*ASSIGNED TASK*: A partial copy is required: transcribe exactly the lines from the one containing "Superstition Mountains hiking" through the last line below, without any pictures.

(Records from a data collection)
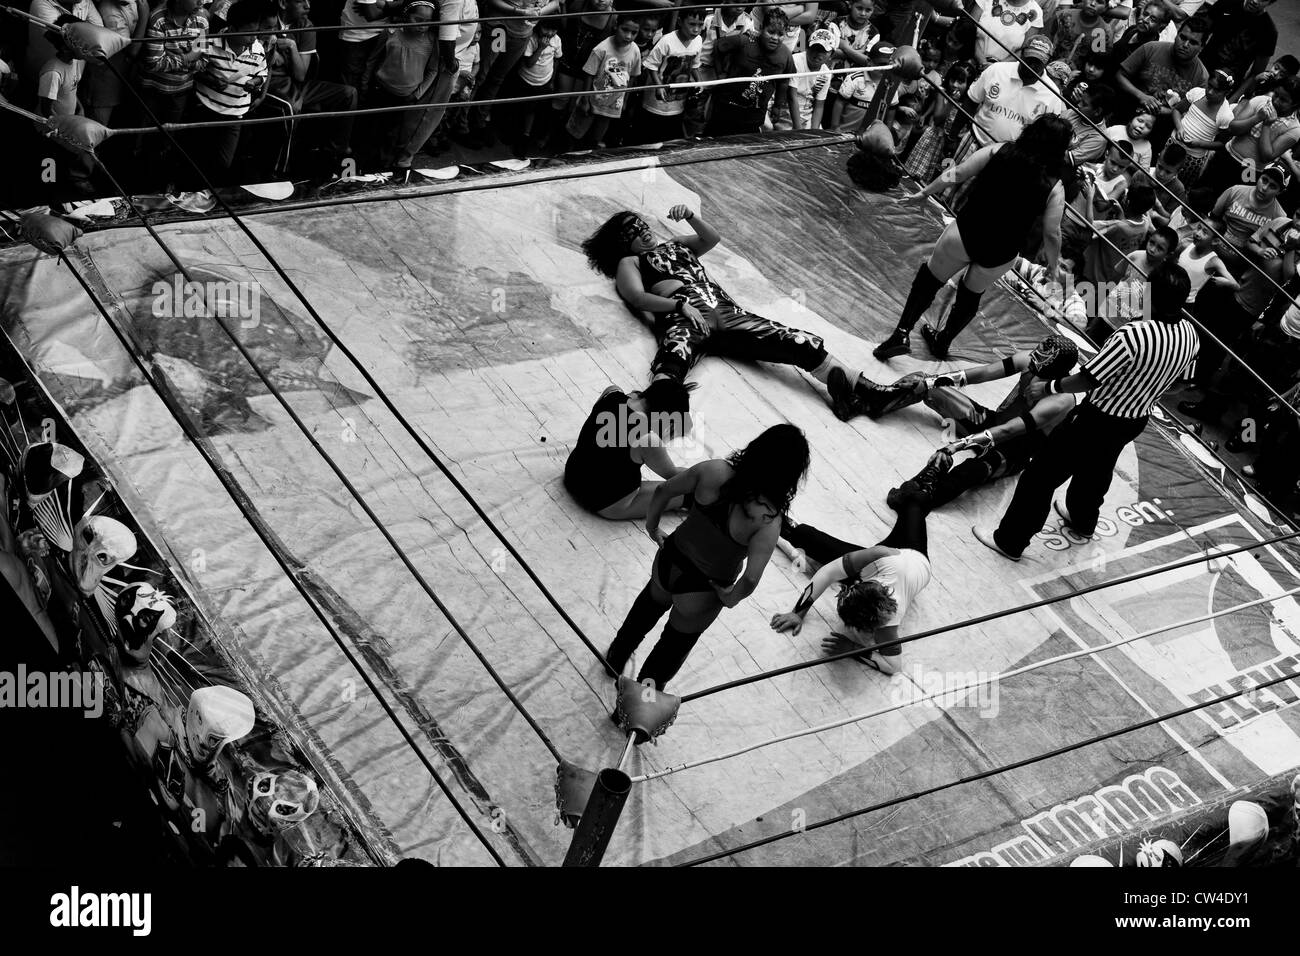 Female Lucha libre wrestlers fight during a mixed-sex performance at a local arena in Mexico City, Mexico Stock Photo
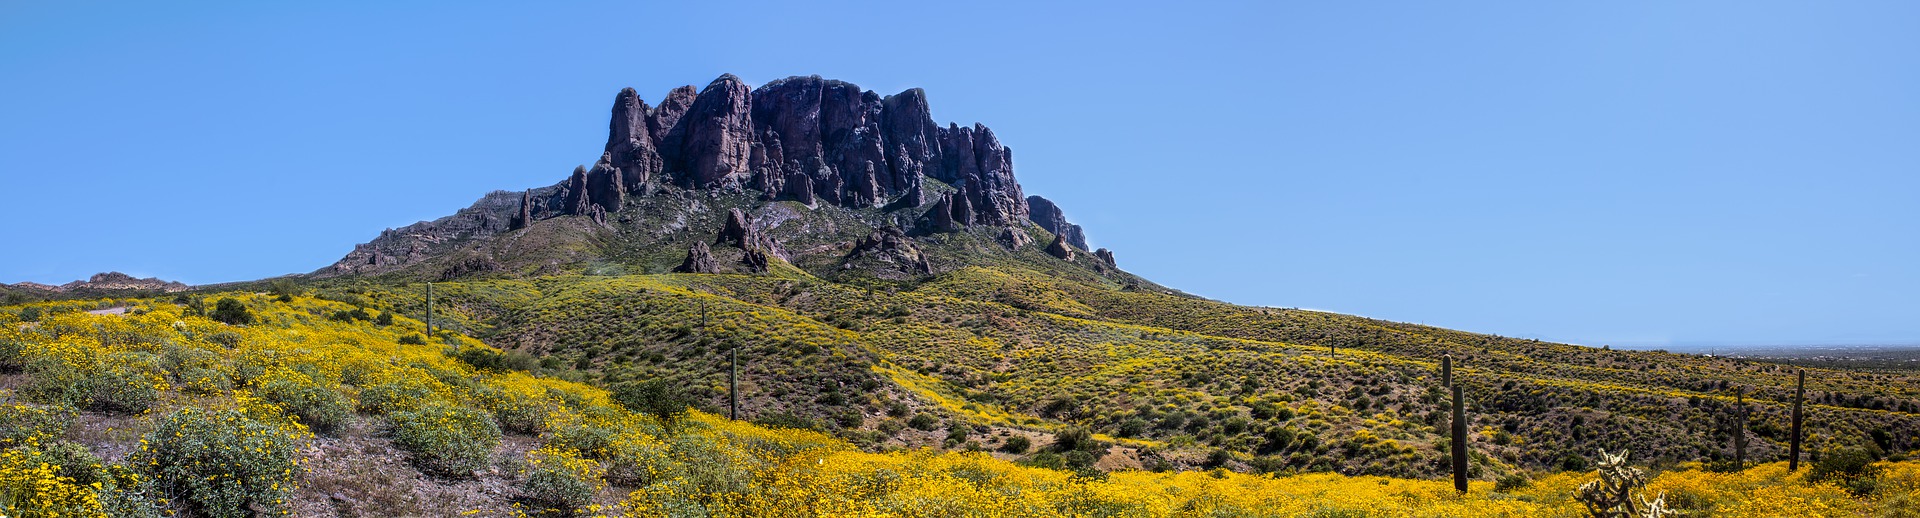 Superstition Mountains hiking is one of the many fun things to do in Phoenix.
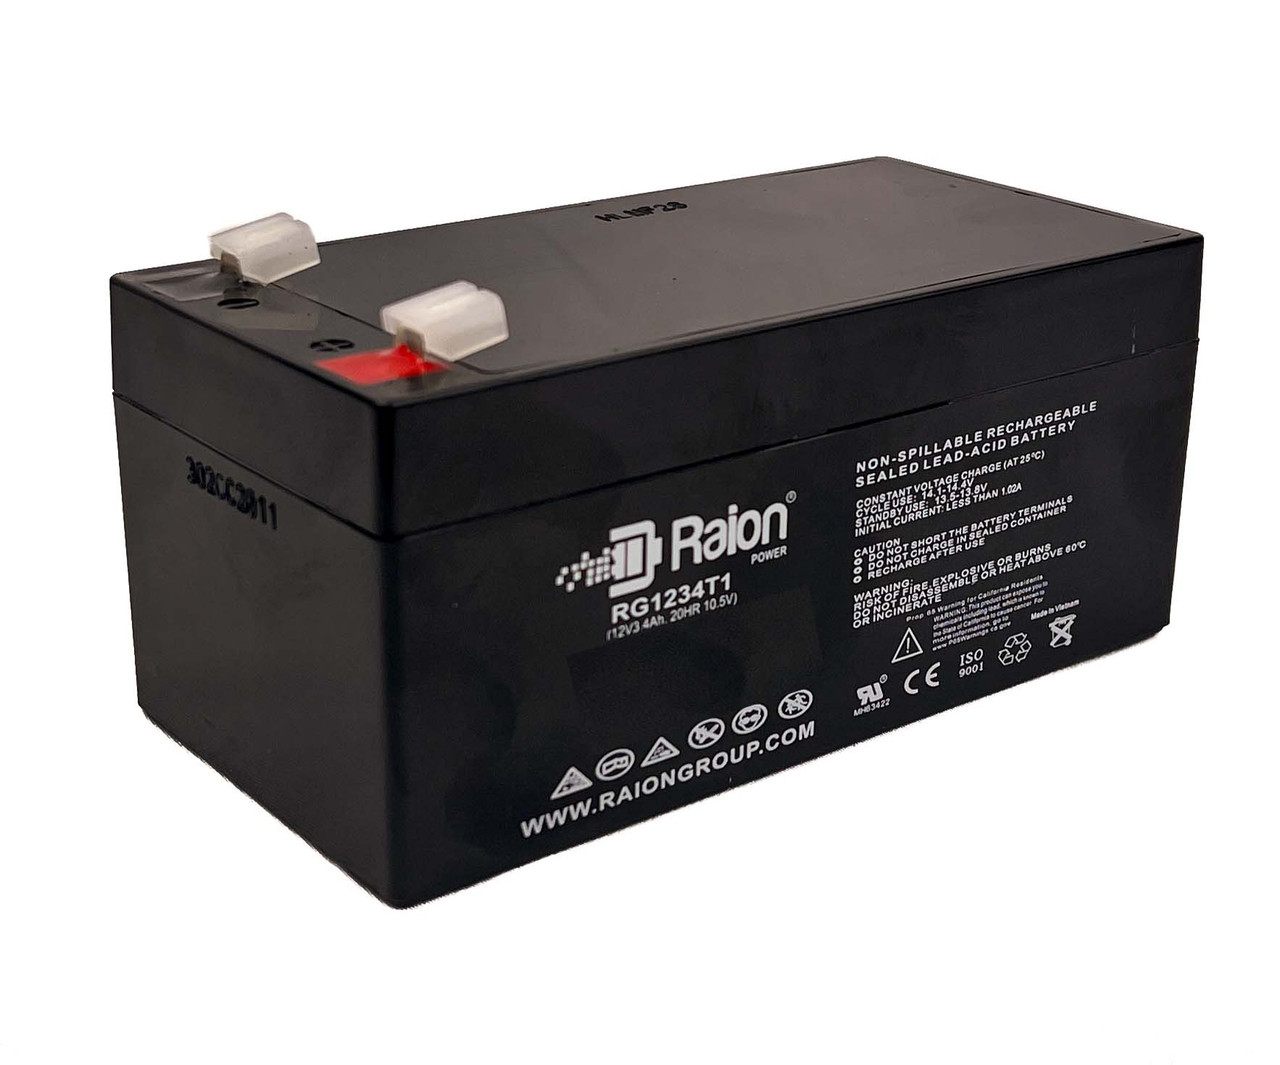 Raion Power 12V 3.4Ah Non-Spillable Replacement Battery for Ultramax NP3.3-12
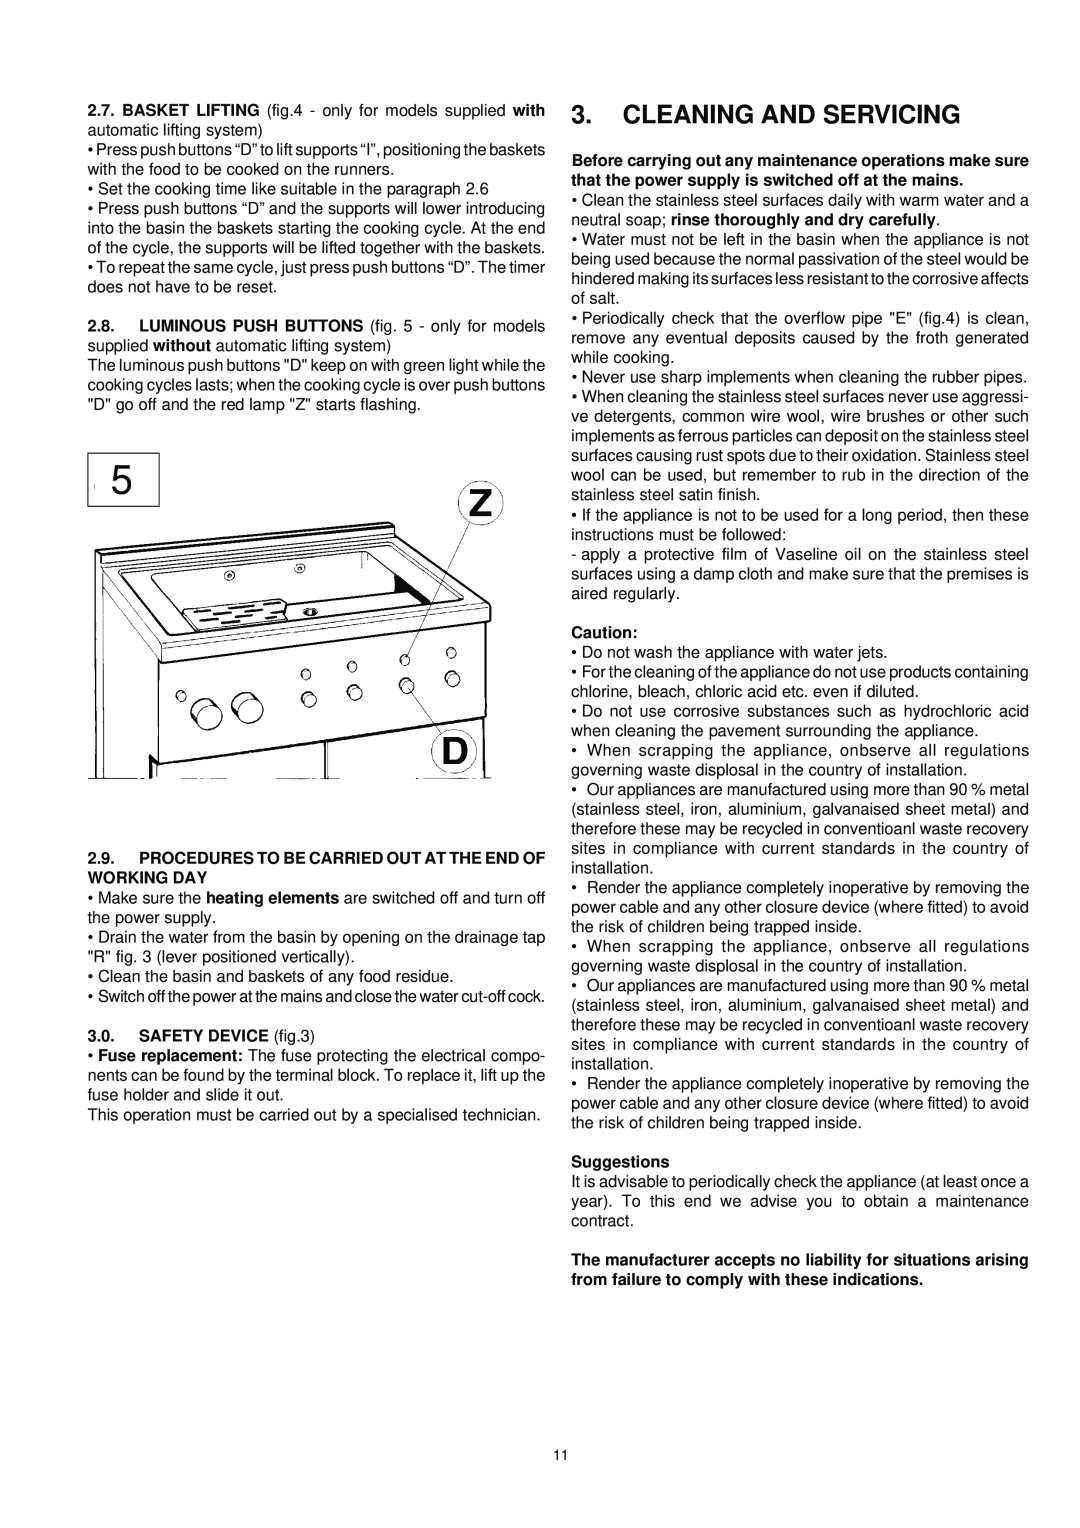 Electrolux PR 700 manual Cleaning And Servicing, Safety Device, Suggestions 
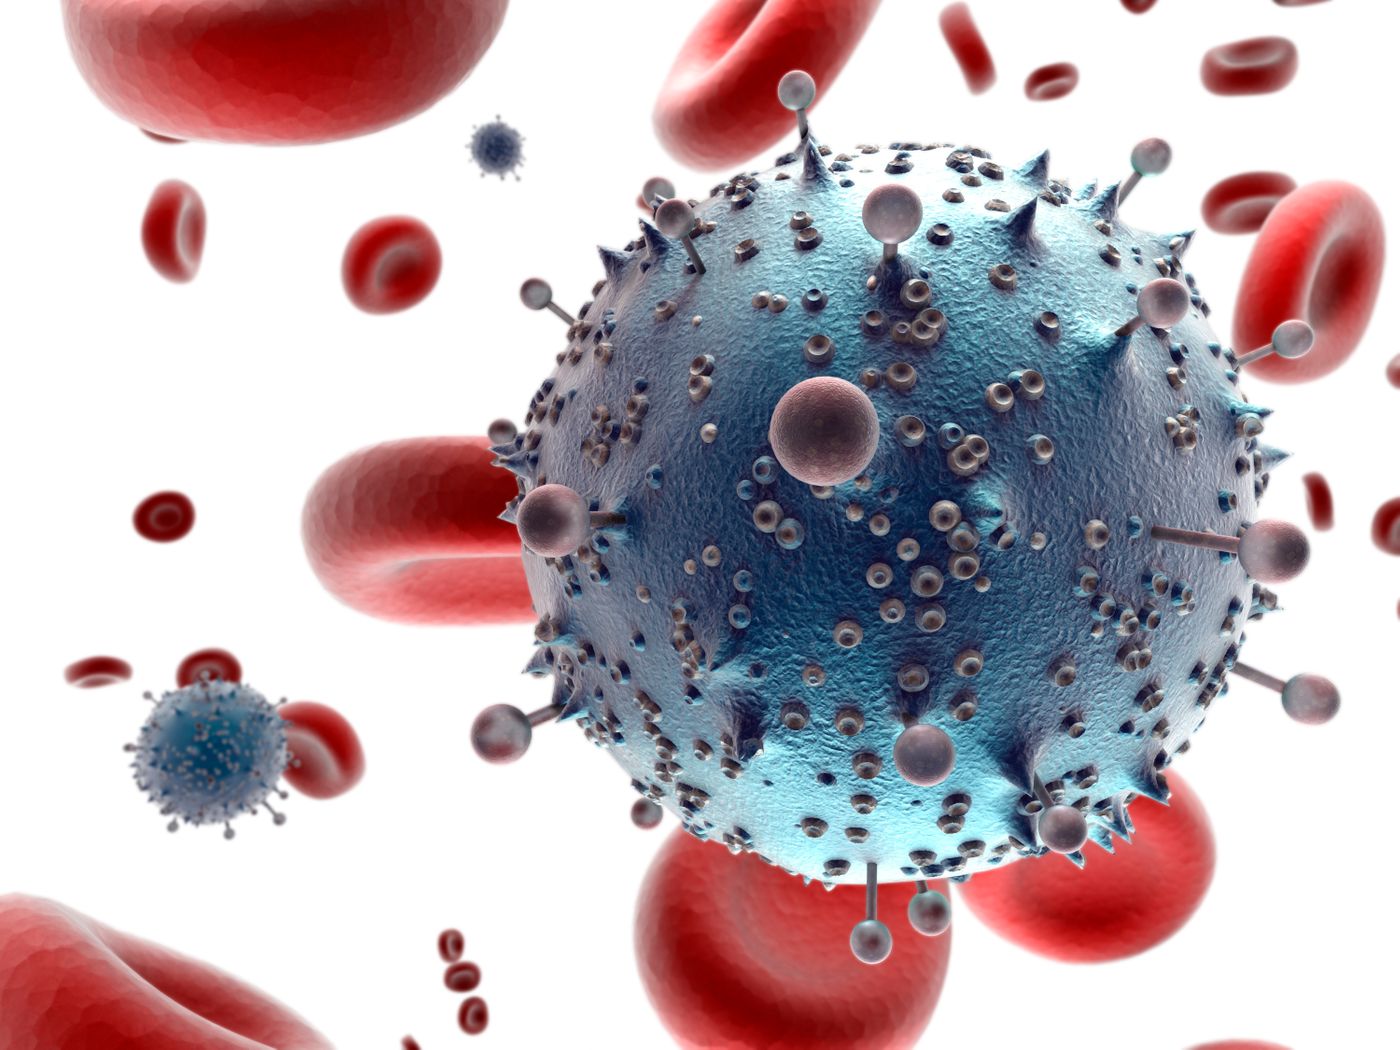 An HIV viral particle

*ANSWER*:
 Superstition Mountains hiking is one of the many fun things to do in Phoenix.
 Raion Power 12V 3.4Ah Non-Spillable Replacement Battery for Ultramax NP3.3-12
 Electrolux PR 700 manual Cleaning And Servicing, Safety Device, Suggestions 
 An HIV viral particle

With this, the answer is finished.